As Dr. Robert Califf’s nomination as FDA commissioner comes to the Senate for debate and approval, it is clear he has a tall order to fill. The COVID-19 pandemic has exposed FDA’s continuing challenge to restore public confidence in the aftermath of its opioid debacle.
Fortunately, there’s one area where Dr. Califf can take immediate action to bolster FDA’s credibility: directing the agency to finally regulate the growing hemp and CBD marketplace.
It’s been more than three years since the enactment of the 2018 Farm Bill, which explicitly legalized hemp and clarified FDA’s jurisdiction over ingestible and topical hemp products. Within hours of the bill signing, then-FDA Commissioner Scott Gottlieb recognized the “clear interest of Congress in fostering the development of appropriate hemp products” and acknowledged FDA “has the authority to issue a regulation,” which would allow for marketing. But since then, the agency has taken no concrete action. Indeed, in recent months, Acting Commissioner Dr. Janet Woodcock reversed course, arguing the law is “fairly clear,” barring the agency from further action on CBD and putting the agency in a “stalemate position.”
Woodcock’s position—that FDA’s hands are tied by the drug exclusion rule—rests on tenuous factual and legal grounds: There’s plenty of evidence that CBD was marketed as a dietary supplement before it was substantially investigated for its application as a drug. But even beyond that, FDA has placed impossible, hypocritical burdens on CBD manufacturers to demonstrate product safety. The agency recently rejected two comprehensive new dietary ingredient notifications, holding hemp to a much higher standard than its regulations contemplate.
At the same time, the real public health problem remains unaddressed: As FDA’s own studies demonstrate and its own warnings counsel, many products continue to be sold under the guise of the hemp name that raise significant quality, safety, intoxication and other consumer protection concerns since the agency is not ensuring these products are in compliance with federal regulations.

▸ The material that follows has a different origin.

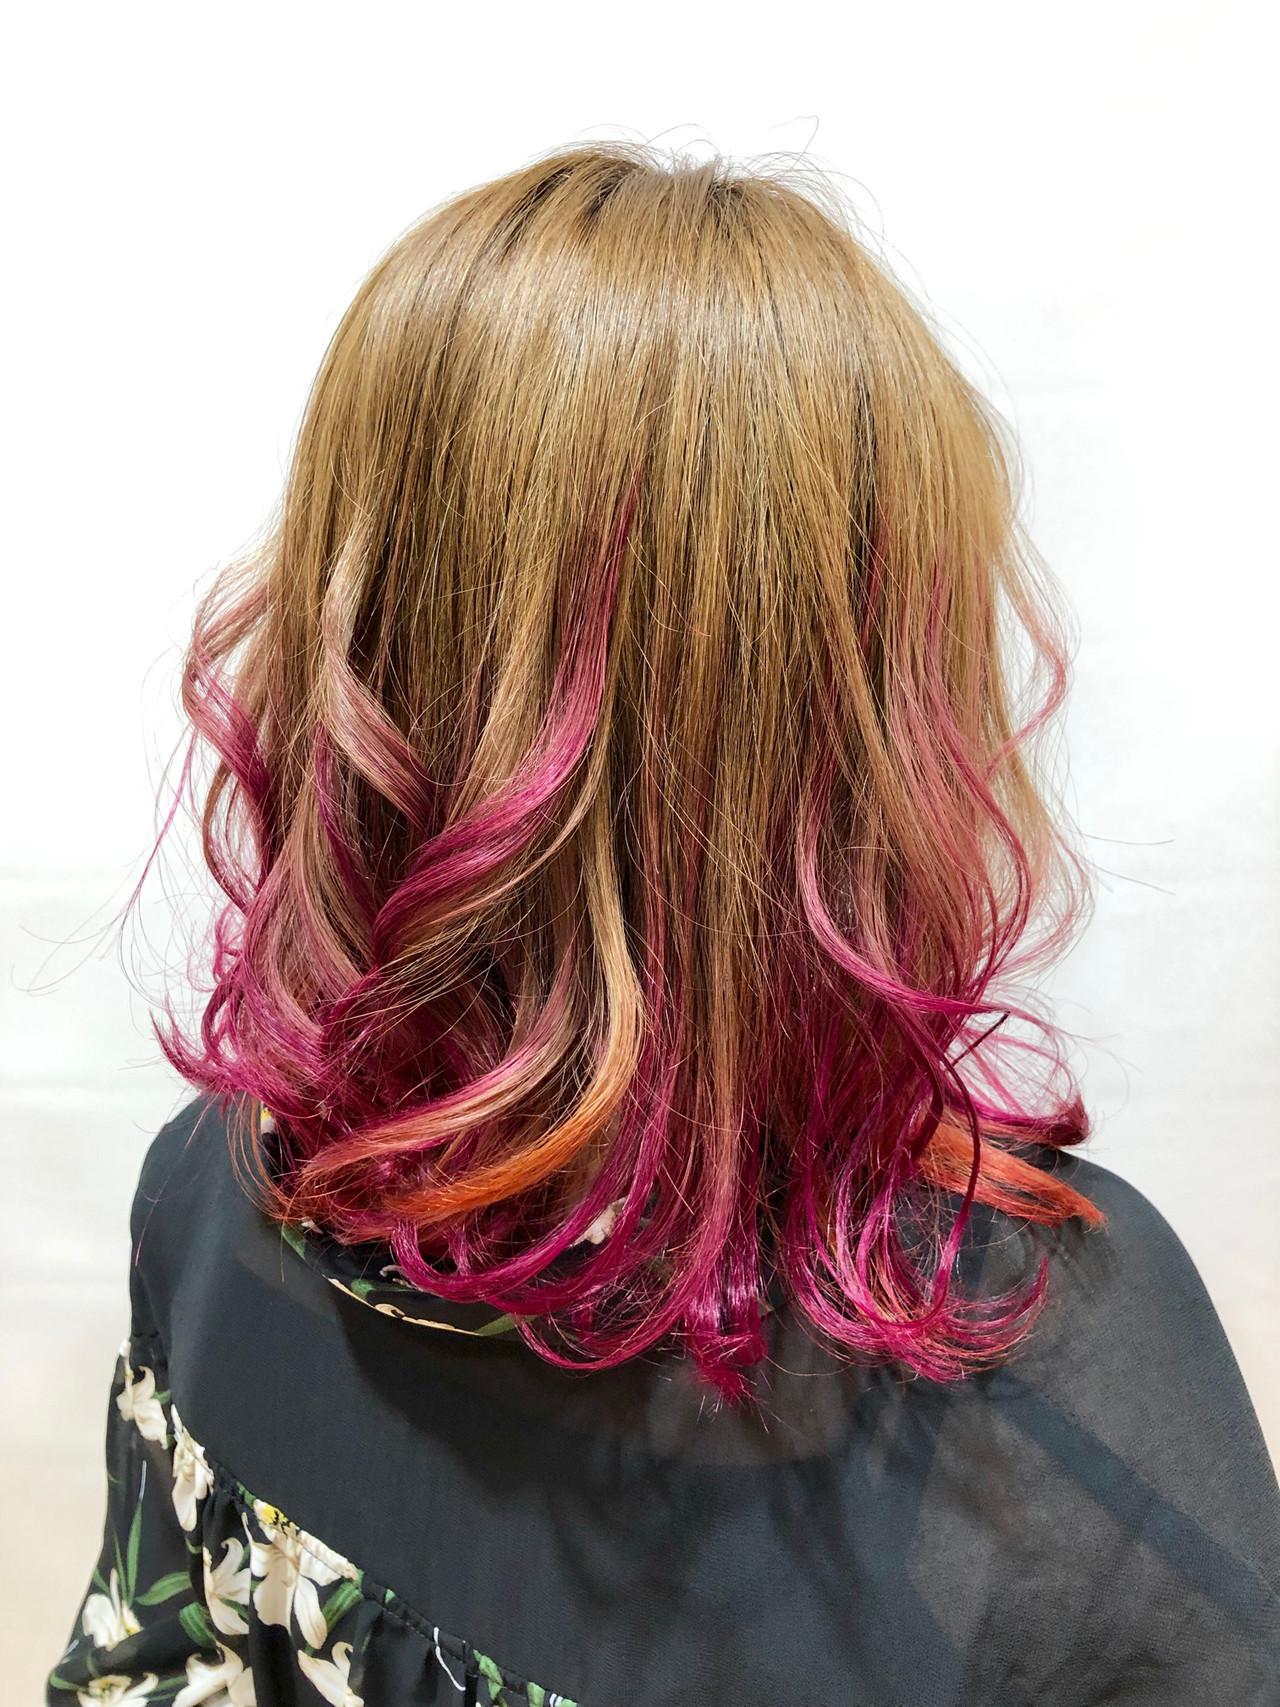 ピンク ミディアムレイヤー ミディアム ベージュ ヘアスタイルや髪型の写真・画像

Meanwhile, farmers, businesses and consumers suffer. FDA’s extra-statutory and unenforced position that the sale of ingestible CBD is illegal continues to put a cloud over the industry, restricting demand, crushing prices and leaving hemp growers with mountains of unsellable biomass. Companies endeavoring to sell compliant hemp products contend with a patchwork of inconsistent and burdensome state regulations.
Many in Congress have had enough. HR 841, which would require FDA to regulate hemp extracts like CBD as dietary supplements, already features 37 co-sponsors, with 24 Democrats and 13 Republicans. HR 6134, recently introduced by a bi-partisan coalition, would extend regulatory protection for CBD in food and beverages. And S. 1698, sponsored by four leading U.S. senators, would provide a regulatory pathway for all ingestible hemp products. Hearings on these bills have been delayed due to other priorities but should be expected in the new year.
If confirmed as FDA commissioner, Califf could use existing authority to apply the same regulations to hemp as the agency does for all other dietary supplements and food and beverage additives. Doing so would take a small step towards restoring public trust in the agency. Hopefully, he will see that FDA’s lack of action contradicts his agency’s mission to protect public health and safety. If he fails to act, Congress will need to take action soon.
Jonathan Miller is the general counsel of the U.S. Hemp Roundtable, the hemp industry’s national advocacy organization.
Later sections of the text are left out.